На первом заседании суда Мордвинов не присутствовал, и в списке голосовавших его имени нет. Но это не было хитростью: адмирал все же подал особое мнение о тех, кому грозила смертная казнь, то есть о пяти «внеразрядниках» и 31 «перворазряднике».
«По древним российским узаконениям заслуживают смертную казнь. Но, сообразуясь с указами императрицы Елисаветы 1753 апреля 29 — 1754-го годов сентября 30-го, также с наказом императрицы Екатерины Великия и с указом императора Павла 1799 г. апреля 20-го, я полагаю: лиша чинов и дворянского достоинства и положив голову на плаху, сослать в каторжную работу. Н. Мордвинов».
В этом кратком мнении содержится несколько мыслей: во-первых, в стране нет твердых законов (по древним уложениям — так, но «позднейшие указы» — иначе),[111] во-вторых, явное предпочтение более поздним законам, выражающим дух нового времени; иначе говоря, казнить значит, по Мордвинову, вернуться из XIX века в XVII. Разумеется, можно было только просить о замене смертной казни каторгой.
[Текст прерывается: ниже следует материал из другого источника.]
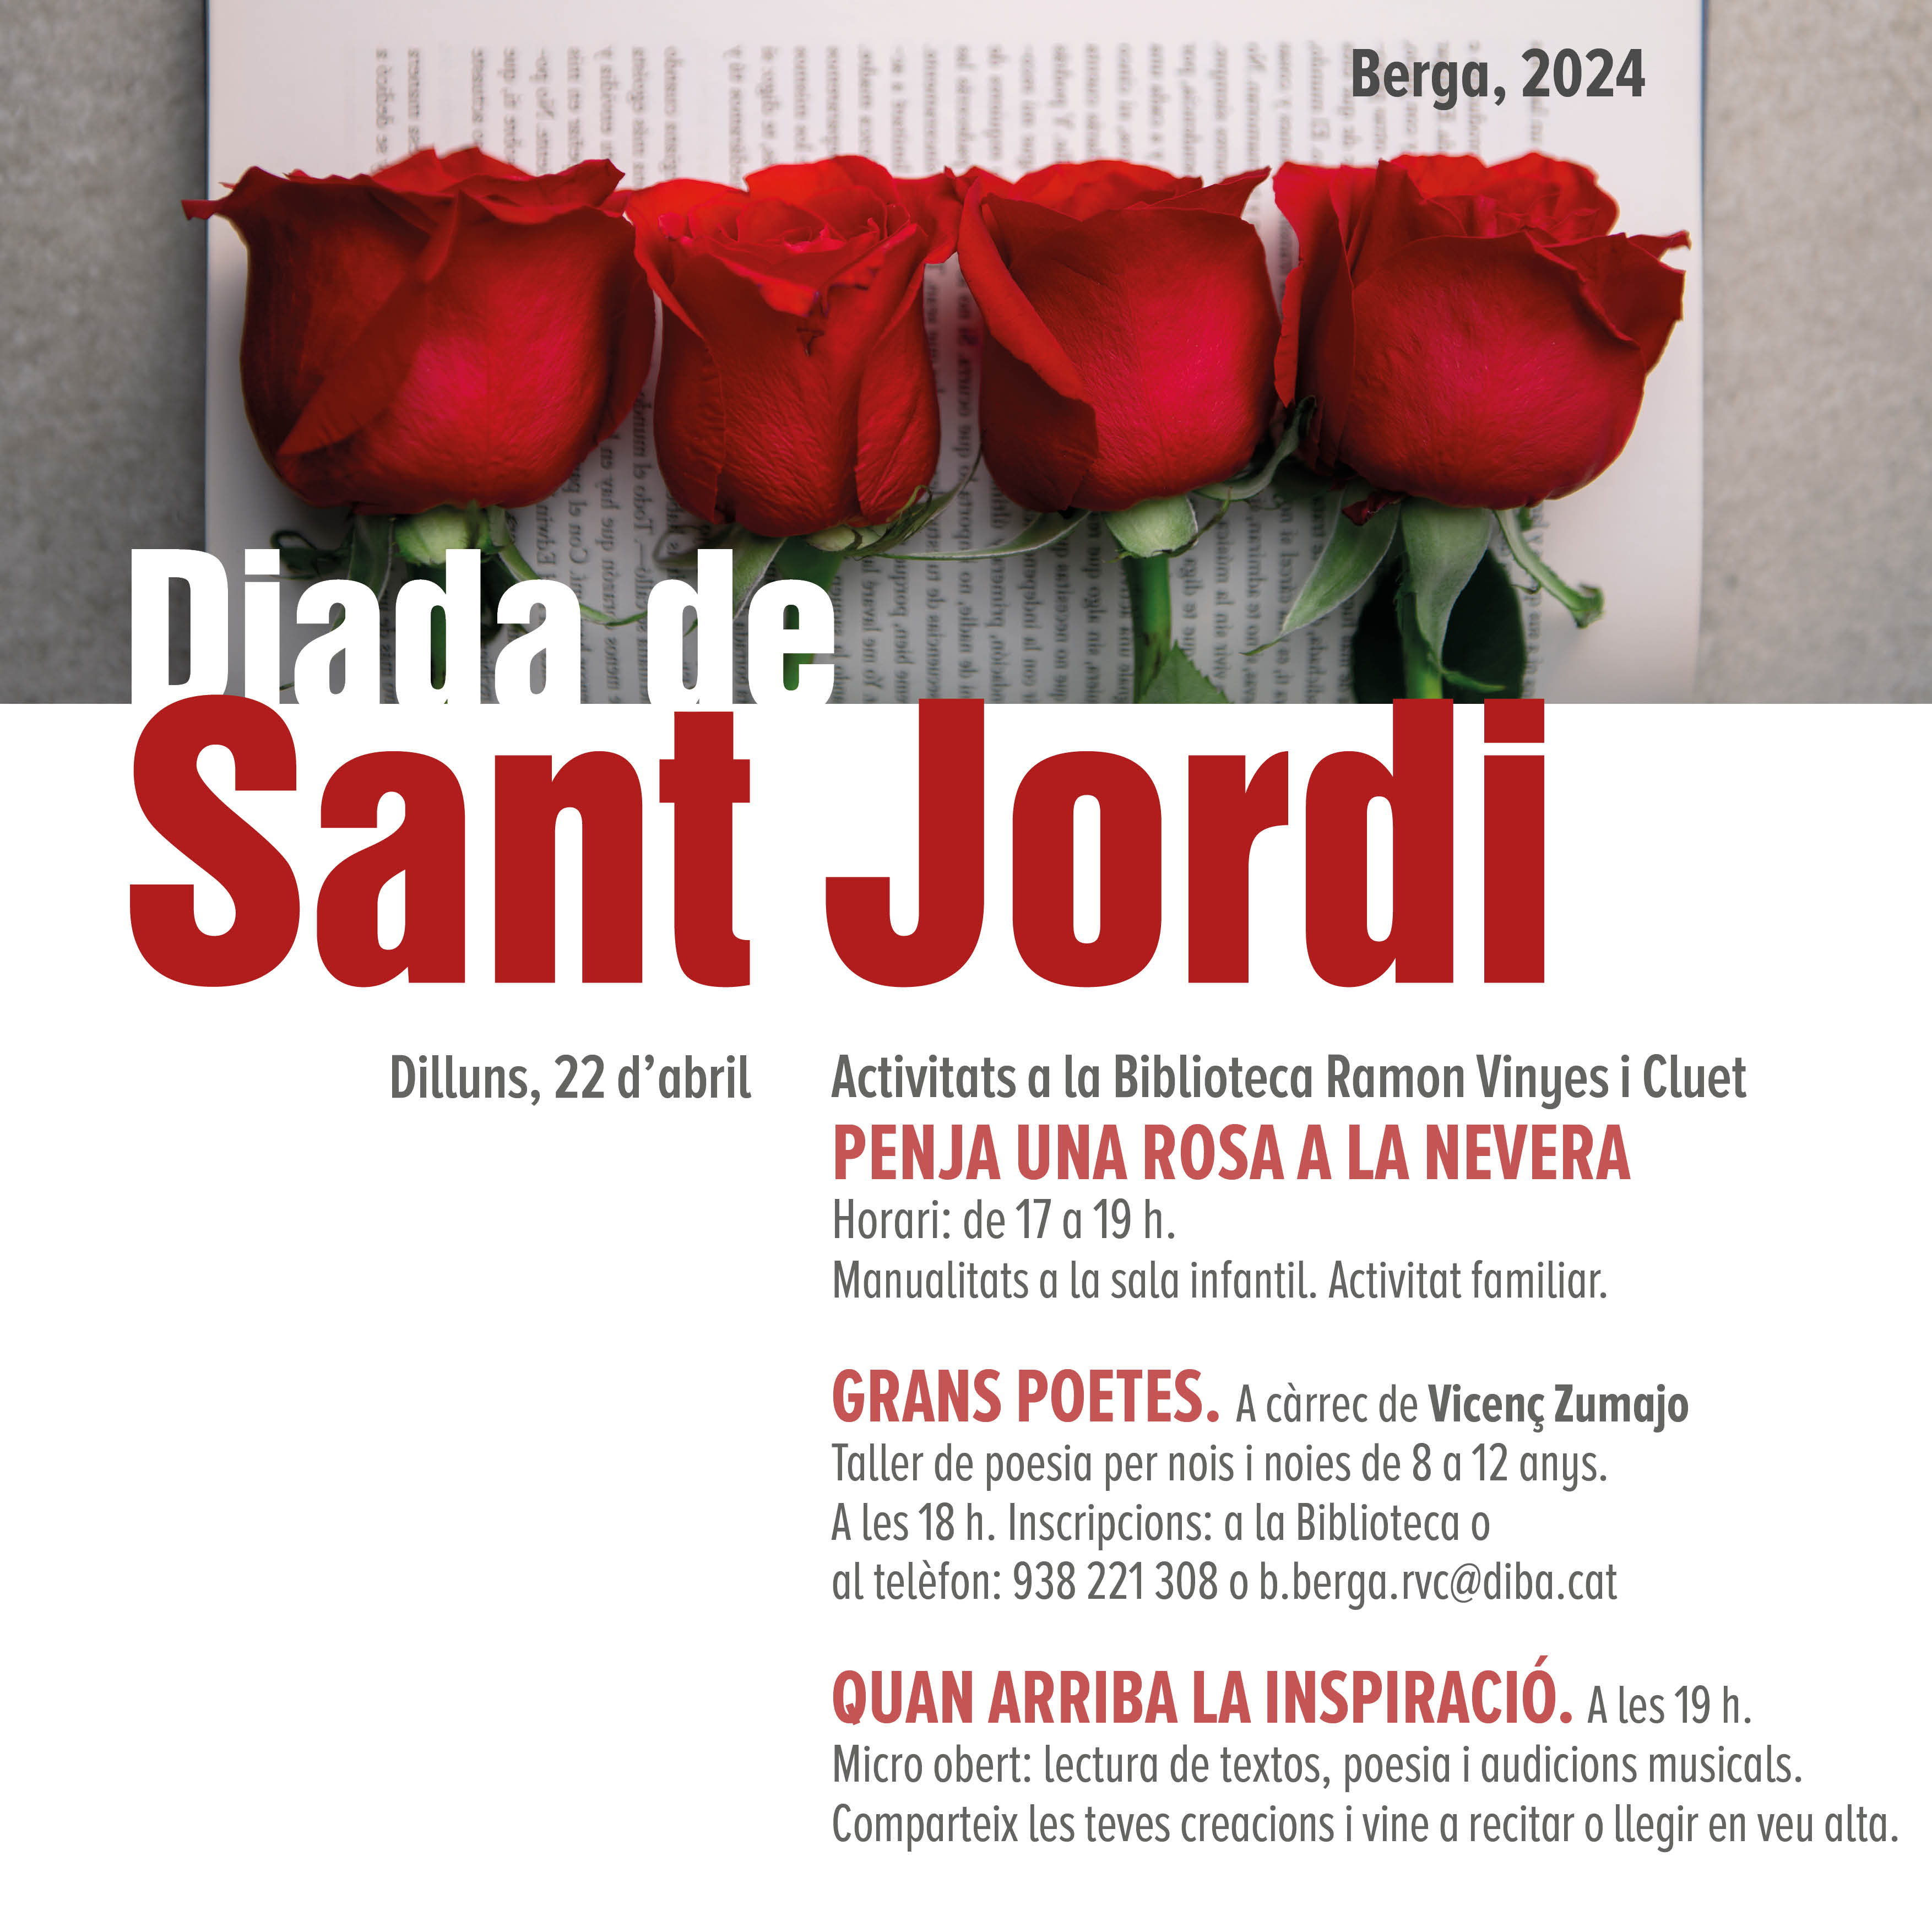 Diada de Sant Jordi: activitats a la Biblioteca Ramon Vinyes i Cluet

И Мордвинов попросил…
Мордвинов не сочувствовал бунту, мятежу, революции, но своим широким умом он понимал, что эти молодые люди по-своему боролись за то же прогрессивное обновление России, за которое и сам он сражается по-другому.
И вот грустная российская действительность: высшее мужество, заслуживающее восхищения, — это просьба о замене смертной казни каторгой…
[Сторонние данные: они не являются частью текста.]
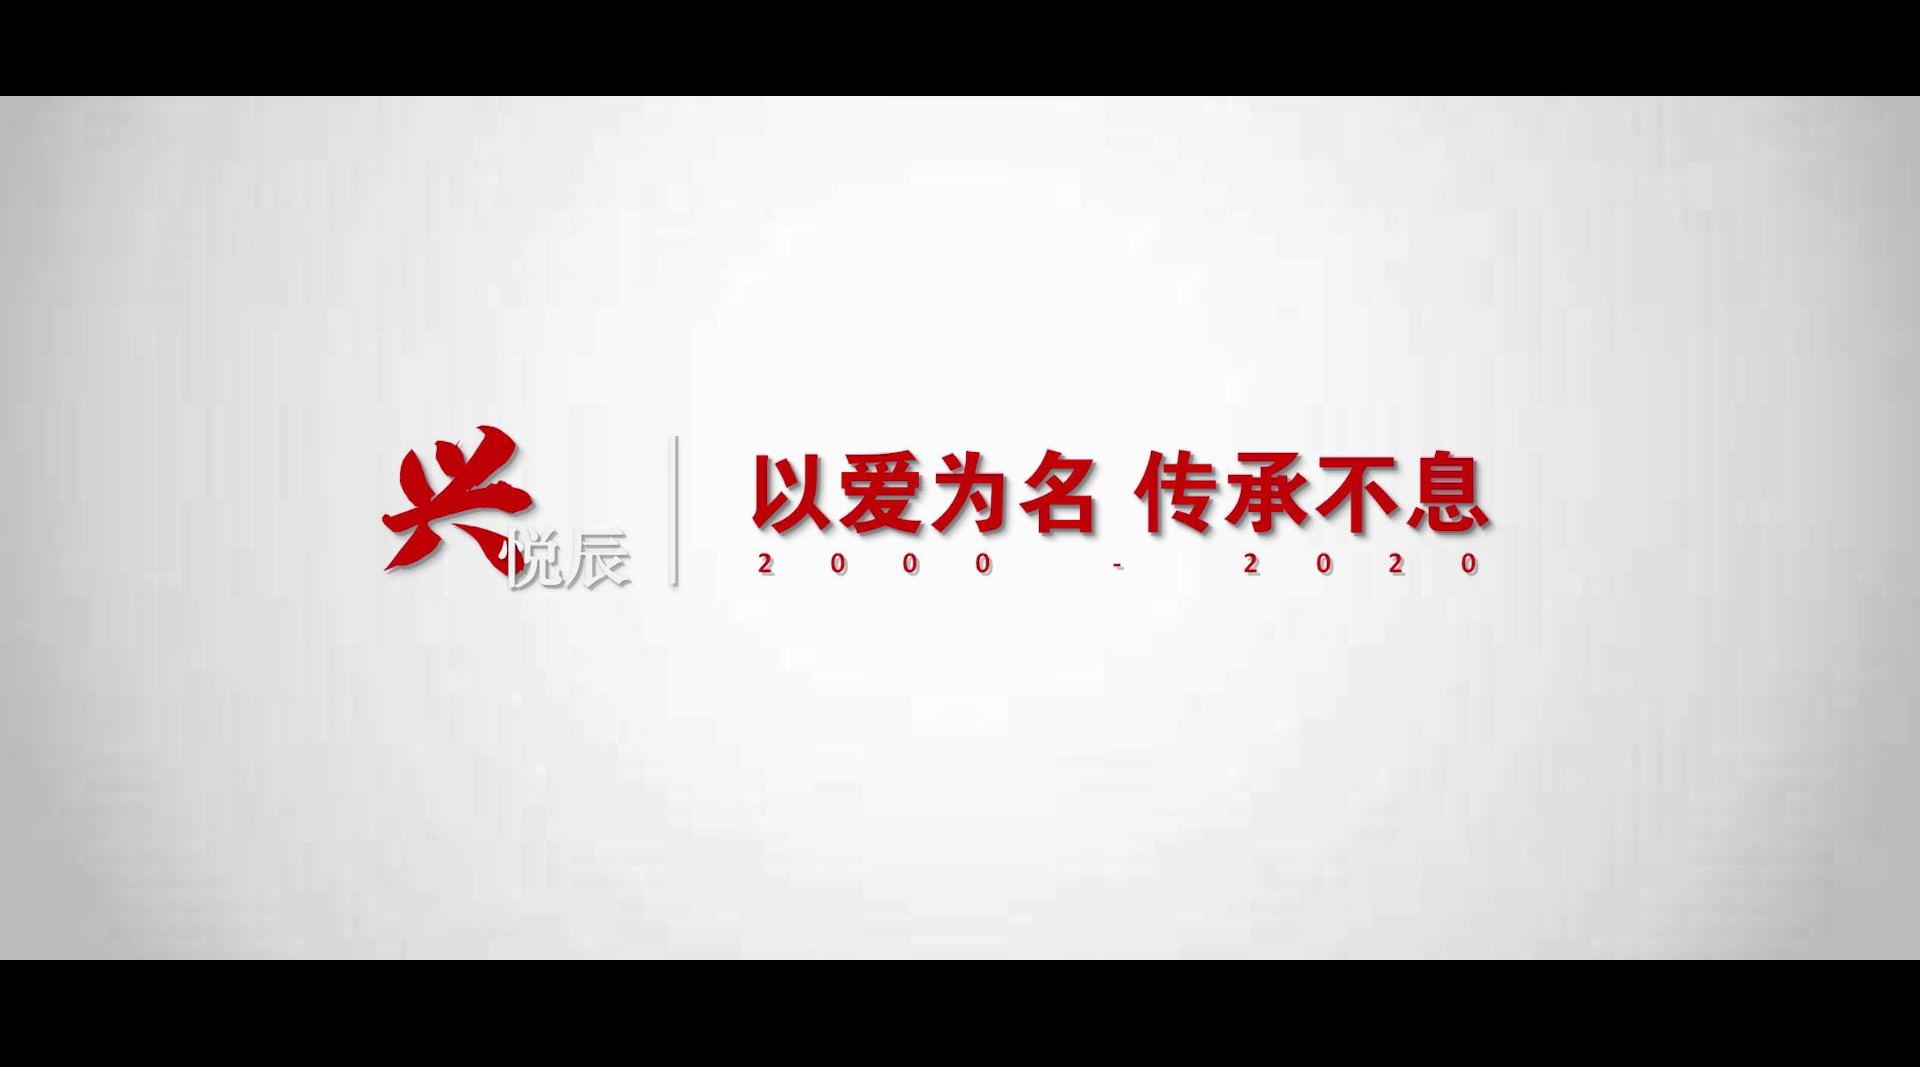 《兴悦辰—以爱为名，传承不息》形象宣传片

Смелое мнение подозреваемого Мордвинова, если можно так выразиться, — поступок в лунинском духе.
30 лет спустя Герцен напишет о старом адмирале:
«Мы до того привыкли видеть судьбу России в руках неспособных стариков, получивших места вроде премии от общества застрахования жизни за продолжительную крепость пищеварения, что нам кажется каким-нибудь чудаком иностранцем, «чужим между своих» — лицо вроде Мордвинова».
Но вернемся на суд. В то же утро, 30 июня, быстро проголосовали и за четвертование Рылеева, Сергея Муравьева-Апостола, Бестужева-Рюмина и Каховского.
Никто, конечно, не заметил — вернее, не хотел заметить, что если Рылеев или Муравьев-Апостол действительно вышли с оружием в руках, а Каховский убил двух человек, то Пестель, как ни преступен с точки зрения этой власти, все же обвиняется только в намерении, умысле: ведь он не произвел ни одного выстрела и был взят под арест за полмесяца до южного восстания.
Затем еще два вечерних и одно утреннее заседания занимались 1-м разрядом, который пока что, до царского милосердия, тоже означал смертный приговор. Все прошло гладко: правда, Оболенскому не хватило трех, а Якубовичу только двух голосов, чтобы оказаться «вне разрядов», и тогда царю пришлось бы решать непредвиденную задачу — казнить или не казнить еще двоих…
Из родственников Лунина Матвей Муравьев-Апостол получил 51 голос «за простую казнь», 11 человек потребовали «четвертовать» и только два голоса против убийства (Шишков и, конечно, Мордвинов).
Артамон Муравьев «прошел» примерно так же (51 — казнить, 8 — четвертовать, трое — не казнить).
Зато Никита Муравьев вызвал раздоры. Хотя он и считался вождем общества, но в восстании не участвовал. Поэтому только сенатор Маврин просил четвертовать, но 21 человек высказались против смертной казни. Были голоса за перевод Муравьева в 4, 5, б и даже 9-й разряд, предусматривающий поселение без каторжных работ. (За «самый мягкий» разряд подали голос сенаторы Вистицкий и Куракин.)